Researchers are still trying to come to grips with variations between microarray experiments that don’t reflect real biological differences. That’s why in its 2002 study, the Microarray Research Group (MARG) of the Association of Biomolecular Resource Facilities (ABRF) chose to get to the root of the problem, assessing possible factors contributing to variability in experiments that use Affymetrix arrays or cDNA spotted arrays.
At the ABRF meeting in Austin last week, Kevin Knudtson of the University of Iowa and Andrew Brooks of the University of Rochester Medical Center presented the group’s preliminary results.
“The most interesting thing that we found was that most of the variability was lab-to-lab, and not chip-to-chip” said Brooks, referring to the Affymetrix part of the study.
Researchers from ten universities participated in the retrospective study. Seven microarray core facilities provided data from almost 900 Affymetrix murine U74A and human U95A arrays, and Albert Einstein College of Medicine provided data from a smaller number of cDNA spotted arrays.
For the Affymetrix arrays, which were used to study 20 different types of tissues or cell lines, the researchers collected 3’/5’ ratio values for b-actin and GAPDH, as well as average difference values for three hybridization controls and RawQ, background, and scaling metrics.
To study the contribution of variability between array lots, at least five arrays with the same lot number were used for each sample type.

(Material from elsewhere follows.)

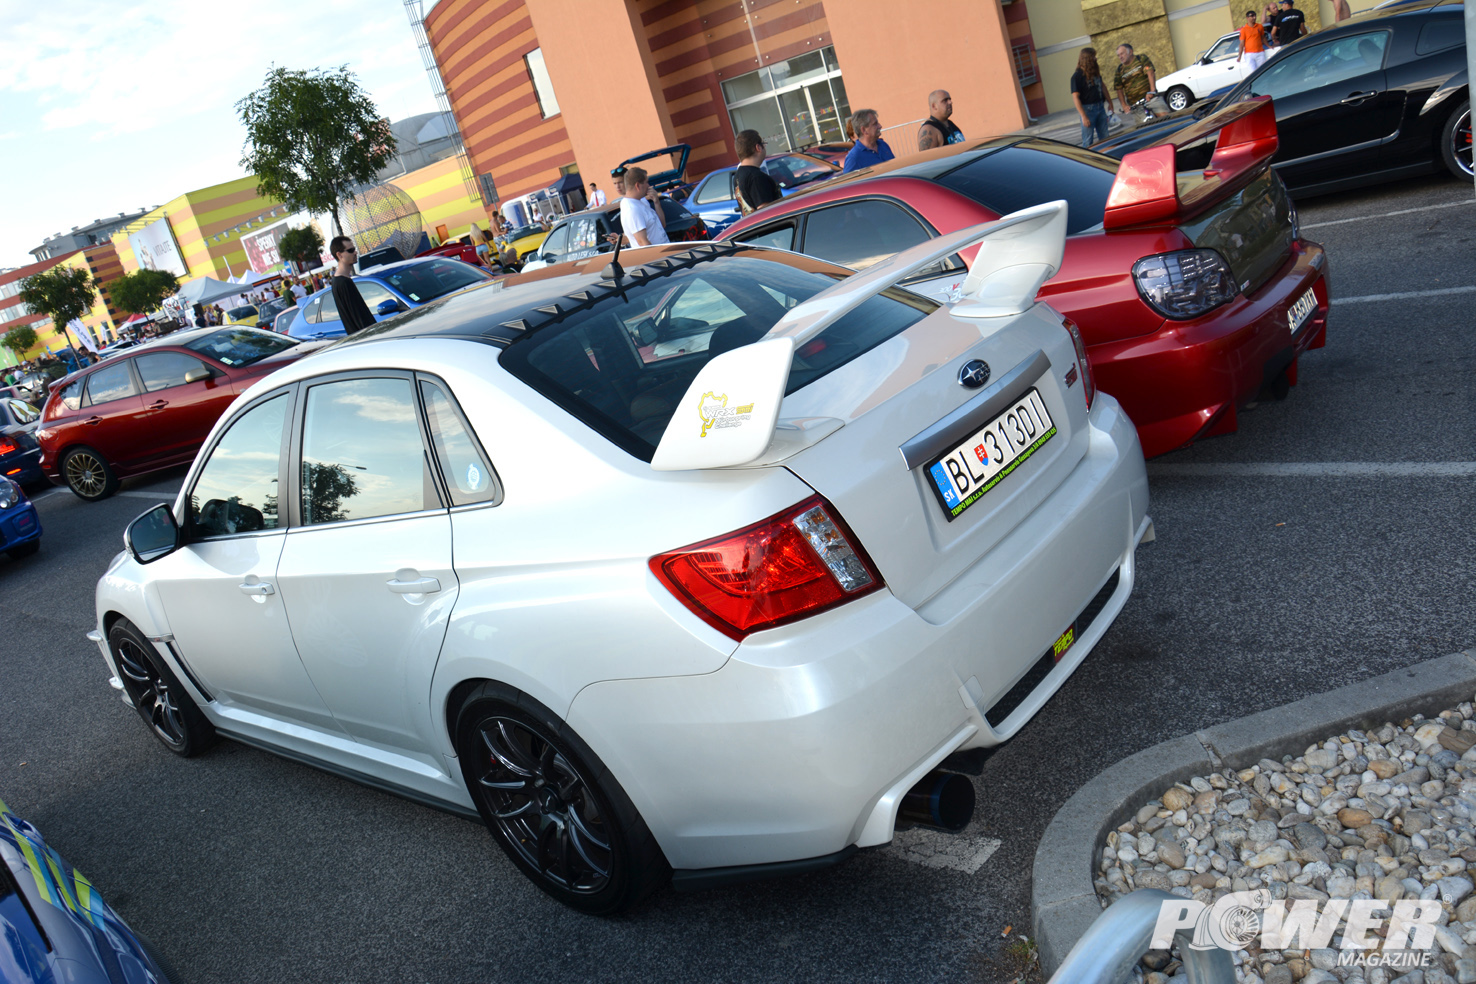 Power Tuning party
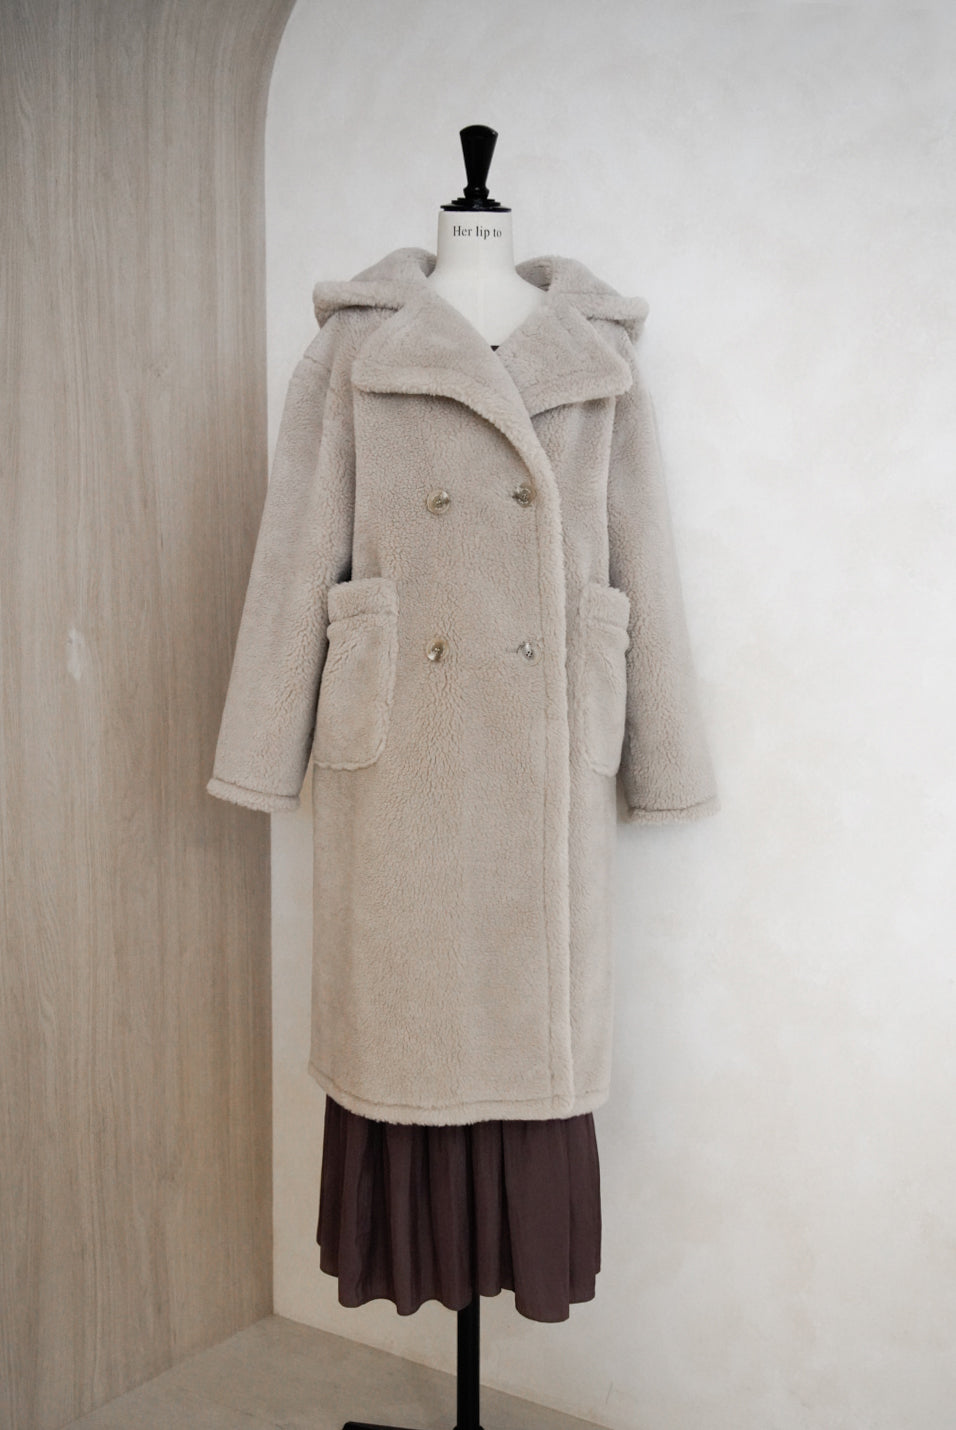 her lip to Fleur Shearling Boa Coat - ロングコート

To assess the influence of tissue type, array lot, sample processing, and scanner settings, the data were analyzed by non-parametric testing followed by a transformation analysis, “which allowed us to assess which variables are more important,” said Brooks.
Lab-to-lab variation, meaning differences in sample preparation and processing, accounted for the greatest source of error, followed by the photomultiplier tube (PMT) setting, using a “combined” tissue and cell line comparative analysis.
Originally the scientists had also planned to distinguish between individual tissue types and cell lines, but the number of samples was not sufficient to reach statistical significance.
The cDNA array study looked at an approach for “overall global normalization and correction” of the arrays, Brooks said, and found some sources of process errors, such as probe labeling, sequence-dependent dye biases, slide treatment, hybridization and scanning.
“The main solution to problems across both platforms is going to be a combination of an appropriate array and experimental design, and also in global normalization of the data regardless of the platform,” said Brooks.
In order to complete the study within the next few months, MARG is currently inviting researchers from academia as well as private companies to contribute their microarray data. Intellectual property is not an issue, Brooks reassured, since only the tissue type, general data about the array, and results for a few genes are required.
One “industry leader” has already committed to participate, he added. The group aims to publish the results of the study in a journal “that is going to have the largest reader base to help Affymetrix and cDNA [array] users,” Brooks said.